Gli appartamenti del villaggio ospitano ciascuno otto camere singole, ognuna con bagno privato, e includono tre zone soggiorno e una cucina a vista sulla sala da pranzo, progettate per favorire la vita in comune senza rinunciare alla privacy. All’esterno, il villaggio offre tutti i servizi della quotidianità: bar, minimarket, proloco, chiesa, cine-teatro e parrucchiere, oltre a spazi dedicati al benessere fisico e cognitivo, come una palestra hi-tech e una sala per percorsi sensoriali coordinati dalla psicologa del centro, pensati per stimolare i sensi, la memoria e mantenere corpo e mente attivi.

Perché è proprio questo il doppio binario su cui si muove il villaggio di Monza: da una parte l’estremo bisogno di attenzioni e cure che questo tipo di pazienti hanno, per far star tranquille le famiglie che spesso non hanno le competenze, le abilità o il tempo necessario per tale lavoro di cura,  dall’altra il pensare che non è necessario medicalizzare in modo eccessivo tale patologia, occorre piuttosto restituire il senso dell’esistenza a chi sta smarrendo ricordi e memoria, permettendo loro di comprare i propri biscotti preferiti, fare una messa in piega con bigodini o dire una preghiera in chiesa.
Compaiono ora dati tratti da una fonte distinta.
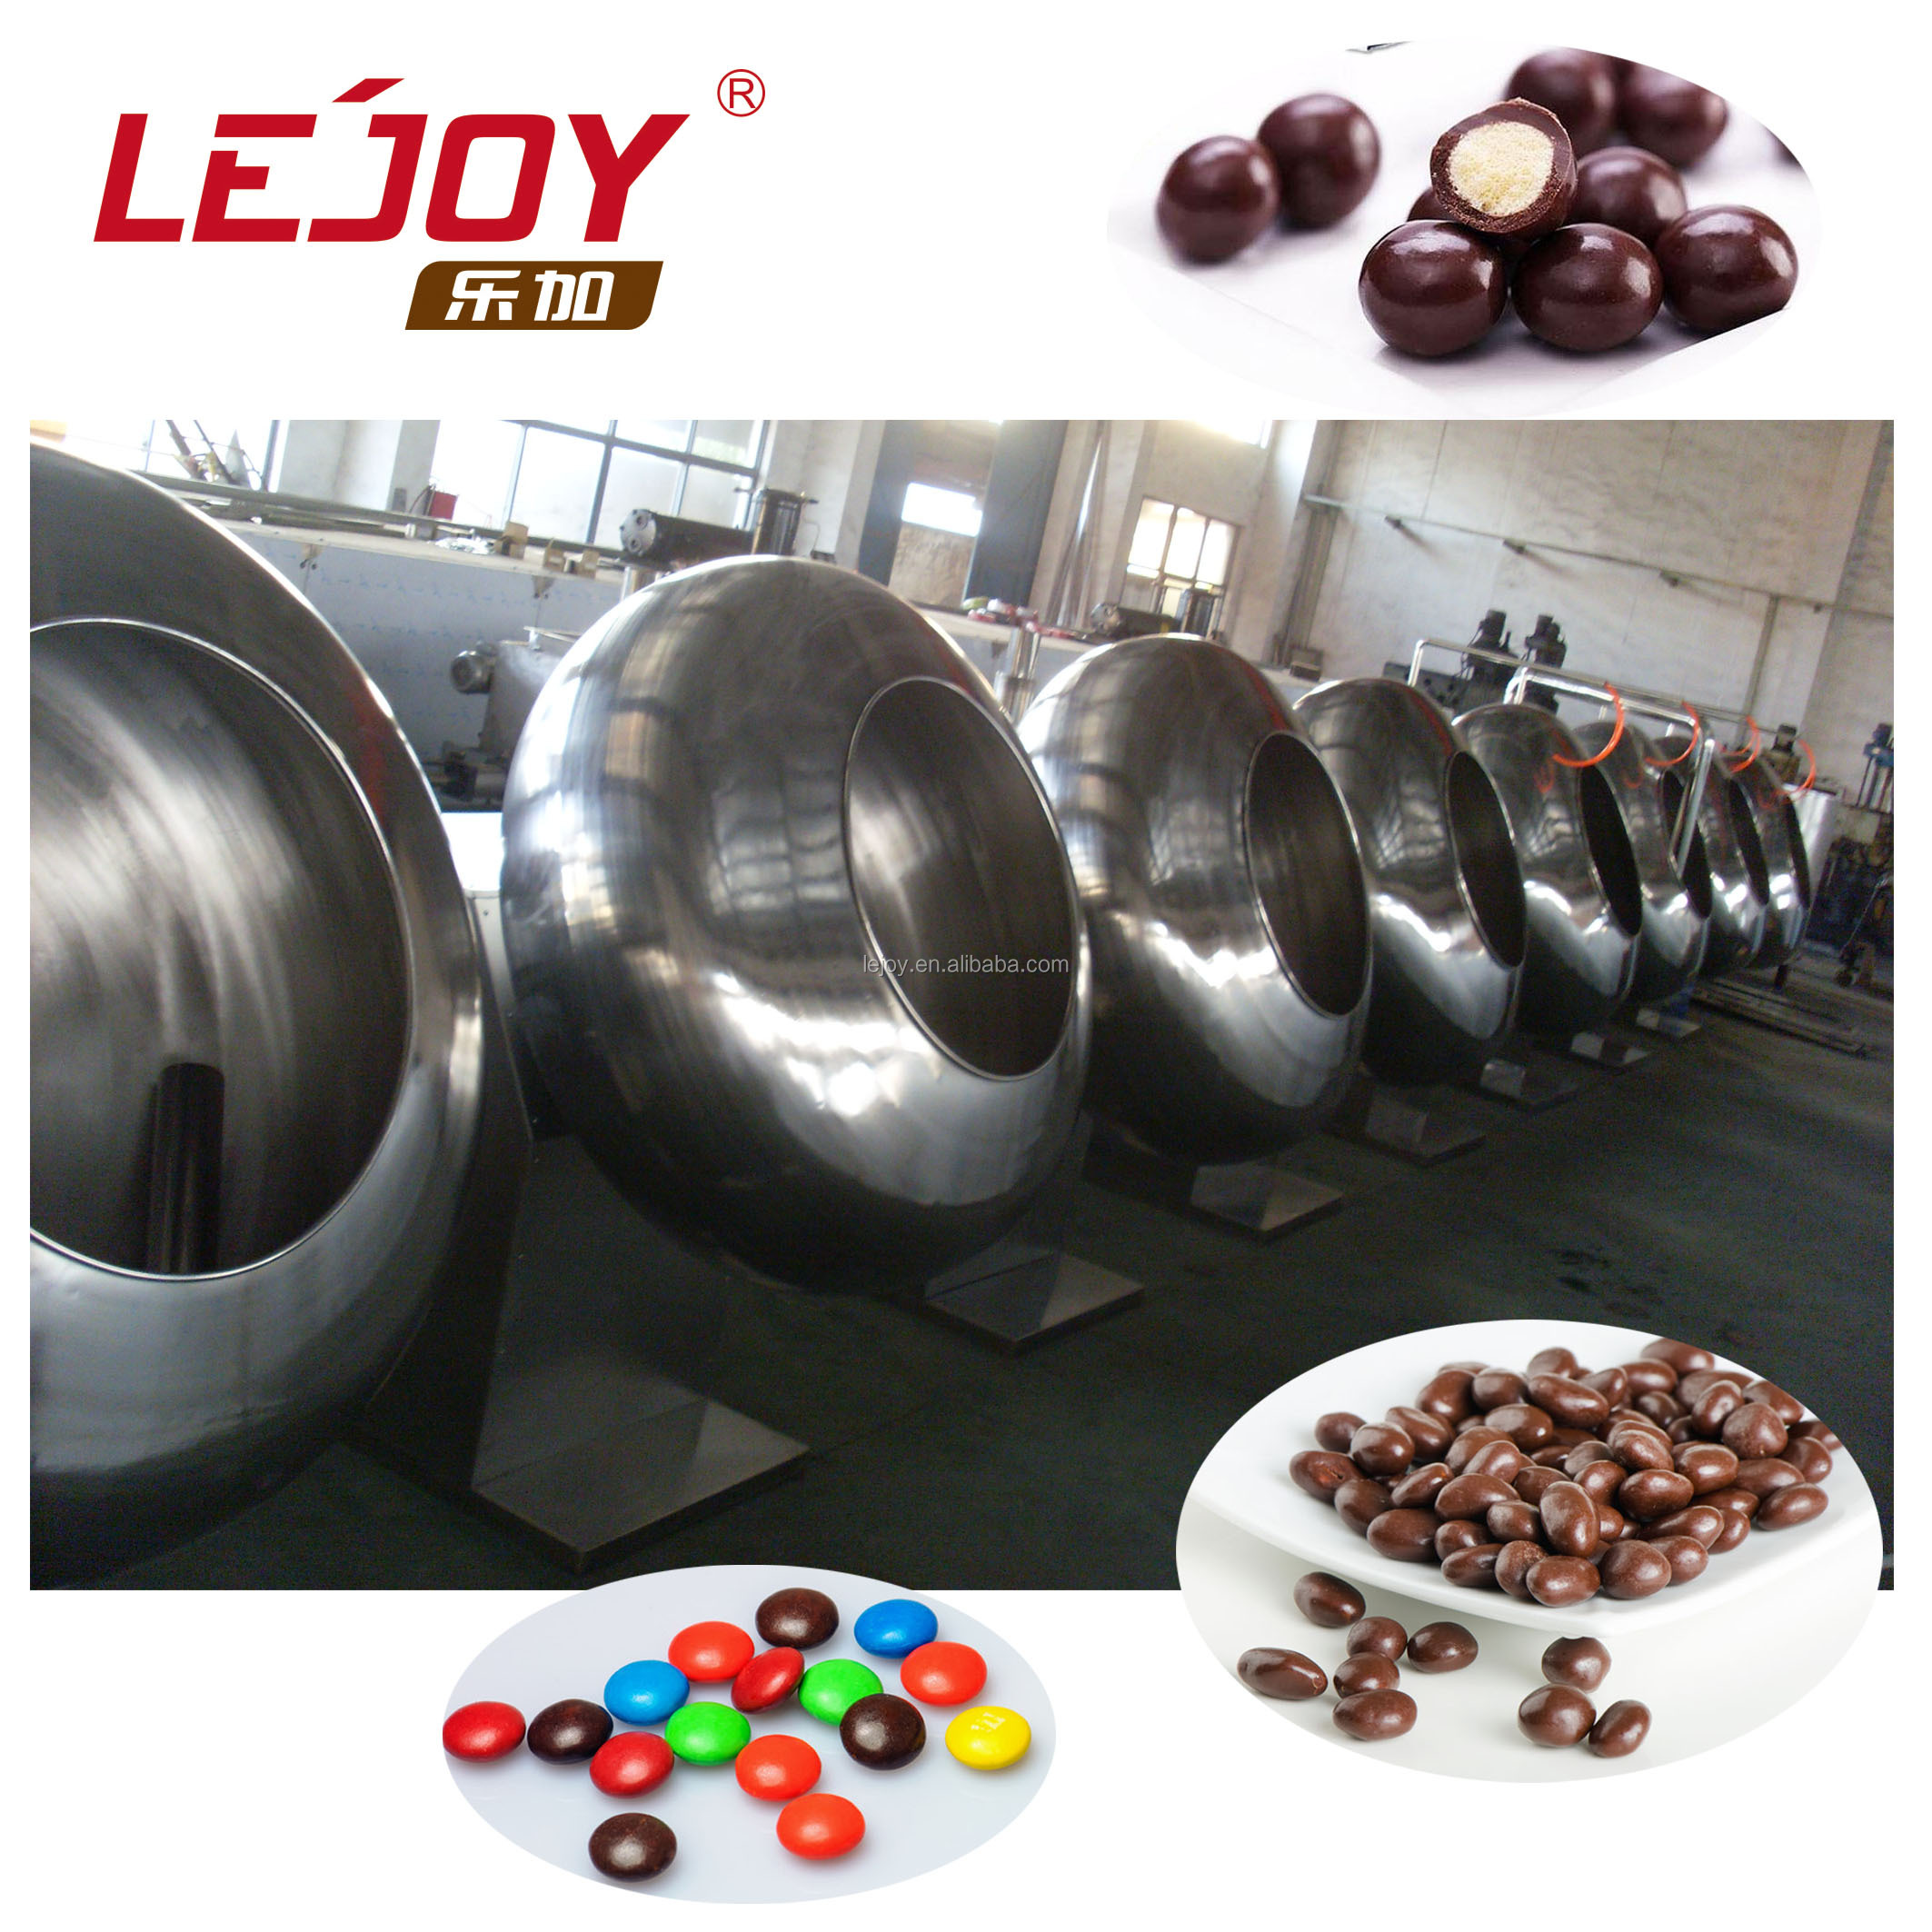 PGJ400 Высококачественные шоколадные орехи.

Una quotidianità controllata e sicura che li rende indipendenti e restituisce loro una vita serena e piena.

Ideato e gestito dall’Associazione La Meridiana, il Paese Ritrovato è nato dopo la prima sperimentazione europea, a West, nei dintorni di Amsterdam, dove è attivo un Villaggio dell’Alzheimer già dal 2009, e sta diventando un punto di riferimento per medici, ricercatori, psicologi ed operatori socio-assistenziali che hanno l’idea di farne diventare un modello da esportare.

I costi per la realizzazione non sono bassi, ma il progetto è stato in grado di mettere in moto circoli virtuosi di welfare sociale, con l’impegno attivo di fondazioni, banche, privati cittadini, donazioni varie. Il costo dei pazienti è sostenuto dalle famiglie, che pagano quasi 100 euro al giorno, ma si sta pensando di inserirlo nel circuito dell’assistenza socio-sanitaria della regione Lombardia per permettere l’accesso anche a chi ha soglie di reddito minori.

Nel marzo 2026 è stata allestita a Milano, presso la Osart Gallery,  una mostra fotografica intitolata “Io sono qui”, dedicata alla vita quotidiana all’interno del villaggio Alzheimer di Monza: immagini, relazioni e singoli momenti vissuti dai residenti, realizzate grazie a un laboratorio di tre mesi condotto da Ri‑Scatti ODV in collaborazione con la cooperativa La Meridiana.

Una curiosità: tutto il centro è assolutamente attento al riciclo e al non-spreco di energia: le casette sono costruite con piccoli computerini che monitorano temperature e fabbisogno di energia, in modo da ridurre gli sprechi energetici.